The Afternoon of the 75th Anniversary
Written by Janet Buttling, Upper Sixth Form
Miss Monica Sims wrote this piece in the Jubilee Journal, about her memories of school:
"Many of my memories are of wartime but some date from before the war. One of the first things I remember is of chasing upstairs to the top floor for mid-morning lunch and thinking it was quite an achievement to manage to run up two at a time! (It didn't seem such an achievement later when in the Lower Fourth I had my form prefect's badge taken away because I disobeyed a School Prefect who told me to walk up one at a time). The reason for our haste was so that we could get there in time for the penny chocolate bars or penny buns. During the war, out mid-morning snacks were jam sandwiches and I can still remember the taste of the margarine. Sometimes, we evolved complicated schemes for taking it in turn to bring dripping cakes to school but we always seemed to be hungry.

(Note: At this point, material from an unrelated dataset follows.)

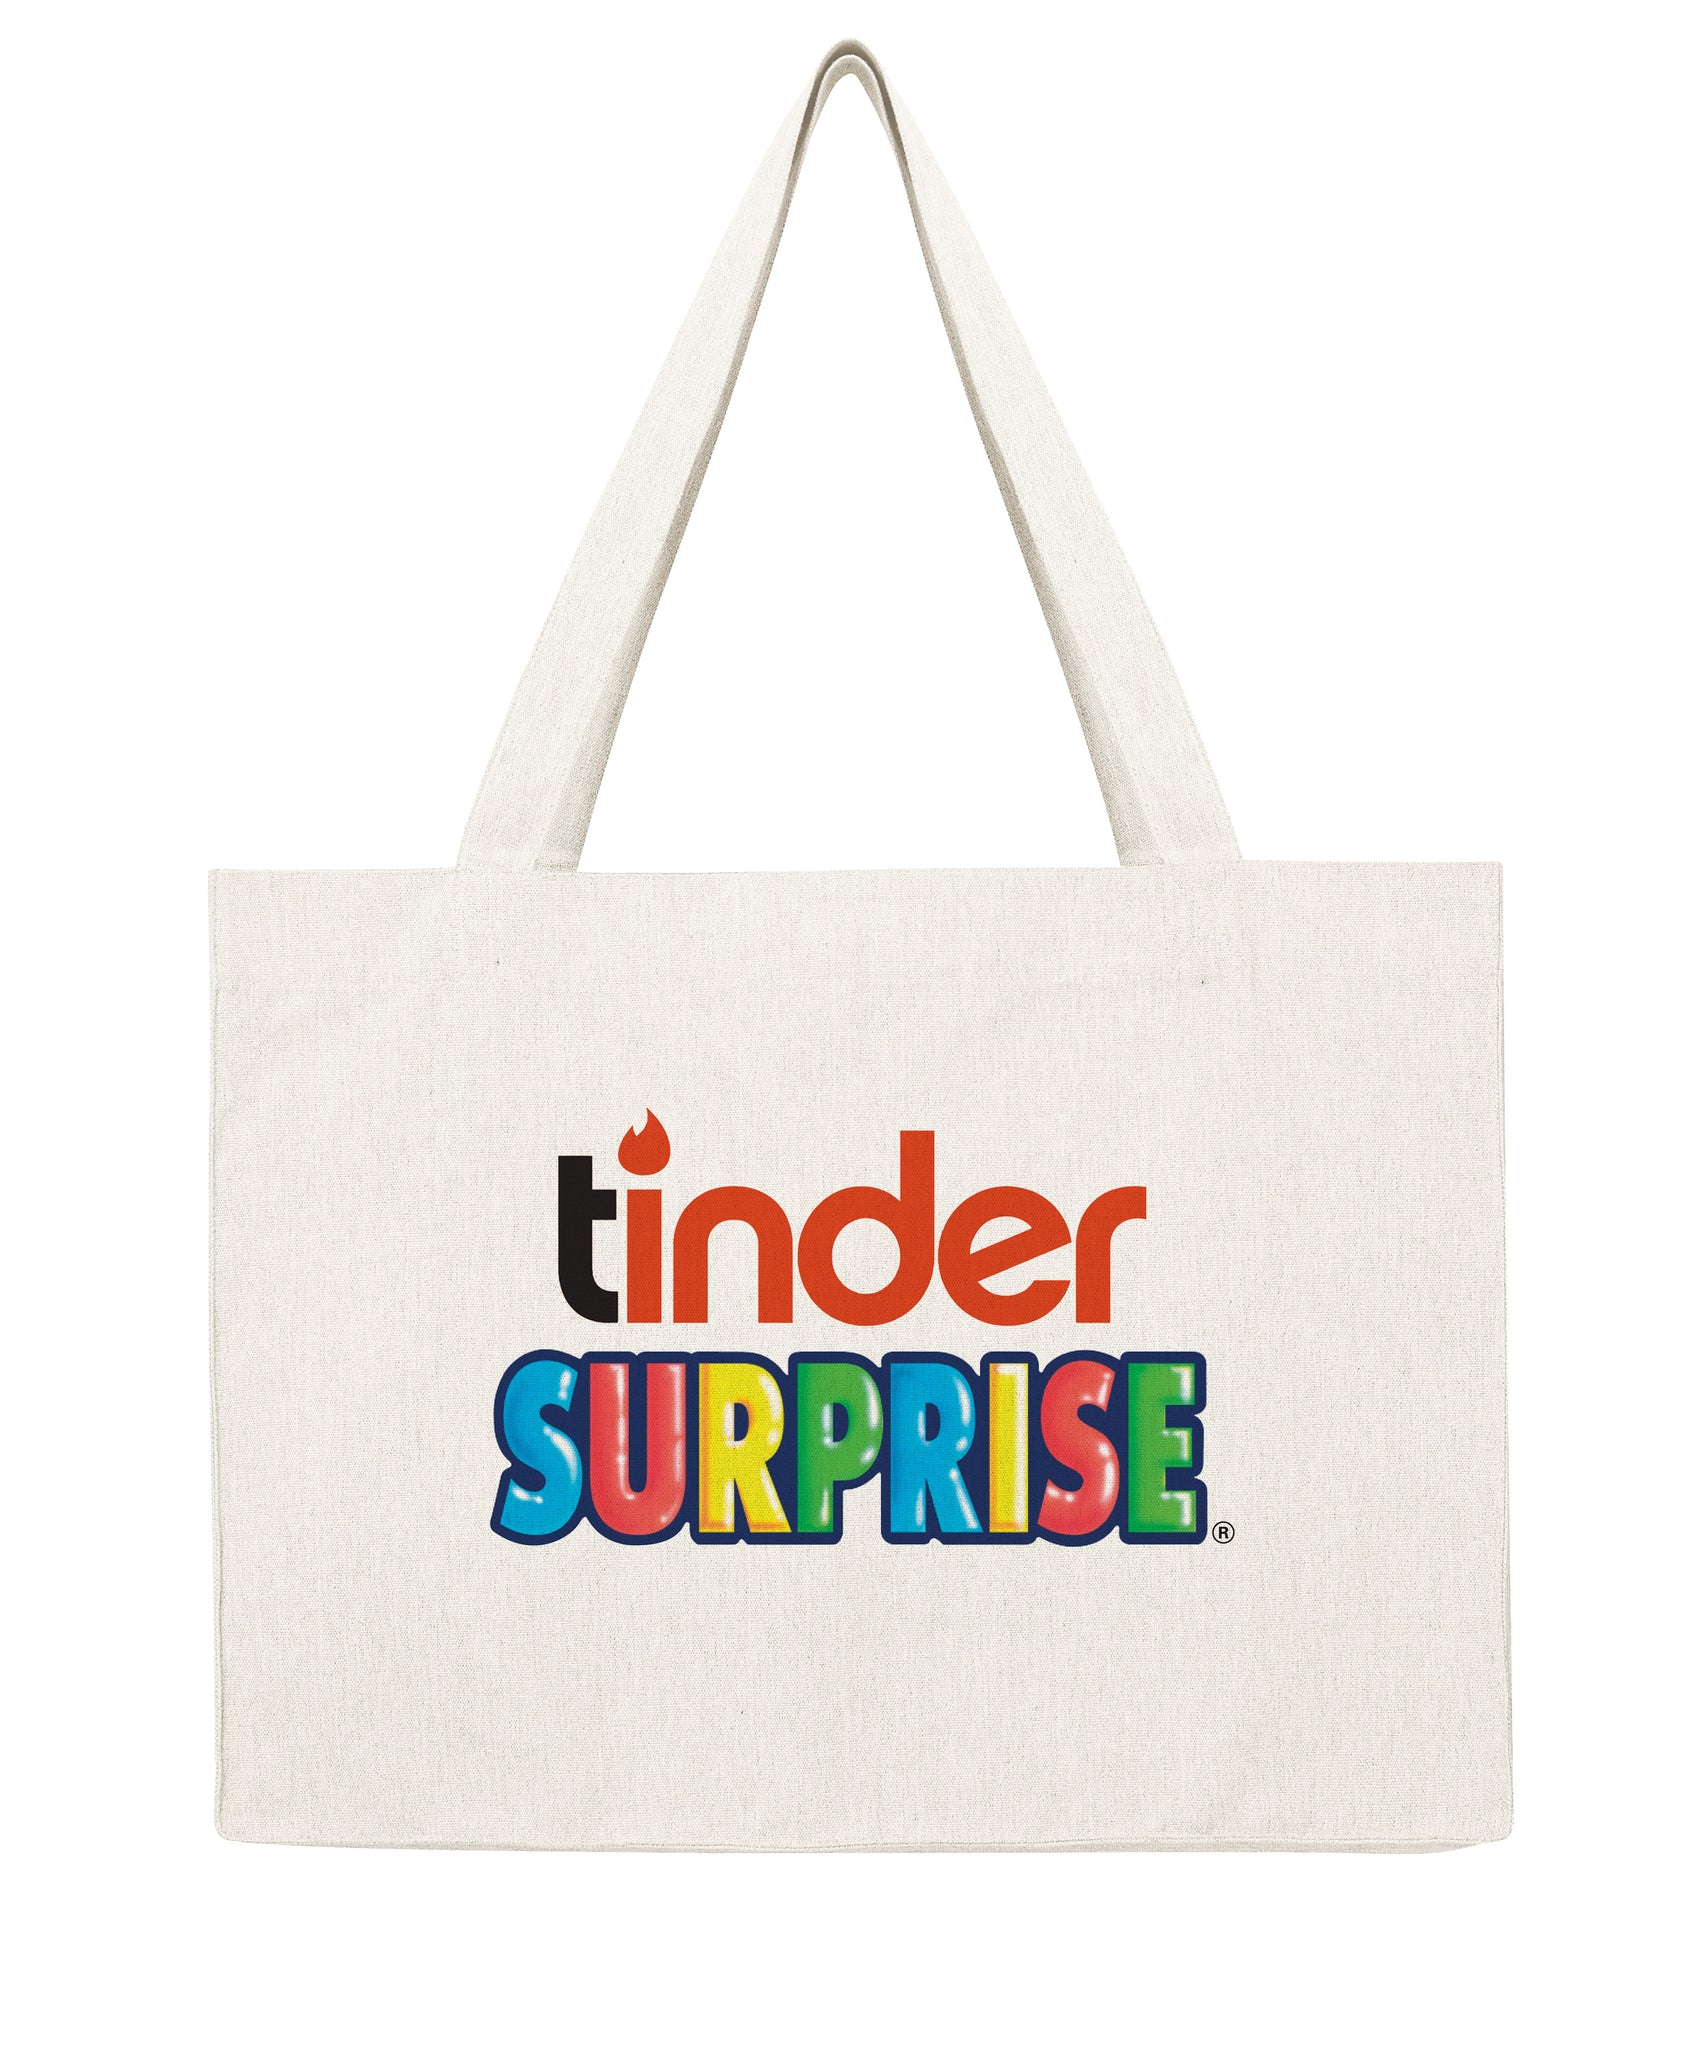 Tinder surprise - Shopping bag-Sacs-Atelier Amelot

All my contemporaries must have many wartime memories; leaving notes in our desks for the girls from Birmingham who shared the school when they were evacuated to Gloucester; air raid practices, first aid classes, the nuisance of always carrying gas marks about; but the most vivid of all to mee was due to the "Grow more Food" campaign when on wintry afternoon, instead of thee enjoyable gym lesson we had looked forward to all day, we were driven by Miss Durston to pick the caterpillars off the cabbages in the allotment on the playing field. The atmosphere of seething injustice while we put the shining yellow things into jam jars was of an intensity which starts revolutions in more practically minded communities.
A much pleasanter experience was fire-watching at school, partly because it made us feel grown up and responsible. Not only had we arrived in the Sixth Form but we were alo capable of fire-watching! We took it in turns to sleep on camp beds but were usually too excited and too conscious of the empty echoing school all around us or the hard army blankets touching us to get much sleep. The best part of it was sitting up in Dr White's room gossiping and trying one of the Woodbines (or were they Stars?) which she left on the mantelpiece. I suppose now that these must have been intended for the Staff but we assumed that they were for us and took them as another sign of our adult status.
I cannot think of any one reminiscence which sums up the atmosphere of life at school in my day, only an assortment of pictures, sounds, and especially, feelings; the shiver of guilt when Miss Higgins said "Upper Fifth, I'm waiting"; the excitement of running flat out down the hockey pitch; the envy inspired by watching Susie Goscomb and Gwen Hudson play tennis; the pride in wearing high-heeled shoes as Light in "The Blue Bird" (to make me look taller than Elizabeth Logan); the exasperation of working for yet another term at the gathers on my greying cooking overall; the apprehension of waiting outside the Staff Room door for examination results; the pleasure of a word of praise from Miss Tatham; the shame or smugness atg hearing one's name called out in the reading of Grades after Prayers in the Hall.
It's strange how many of the things I think of when the word 'school' is mentioned centre around the hall. My outstanding visual memory of school is of acres of slippery polished wood block floor in an enormous clean and clinical space. It is still slippery but not nearly so big or awe-inspiring and I wonder whether Old Girls have the same impression."
Old Girls' News
Congratulations to Jean Goodman who has been awarded the degree of Doctor of Philosophy at the University of Liverpool.
Jean Foyle (nee Kingscroft) has been appointed to the Gloucester City Bench of Magistrates.
Elizabeth Wyman is reading Modern Languages at thee University of Wales, Cardiff.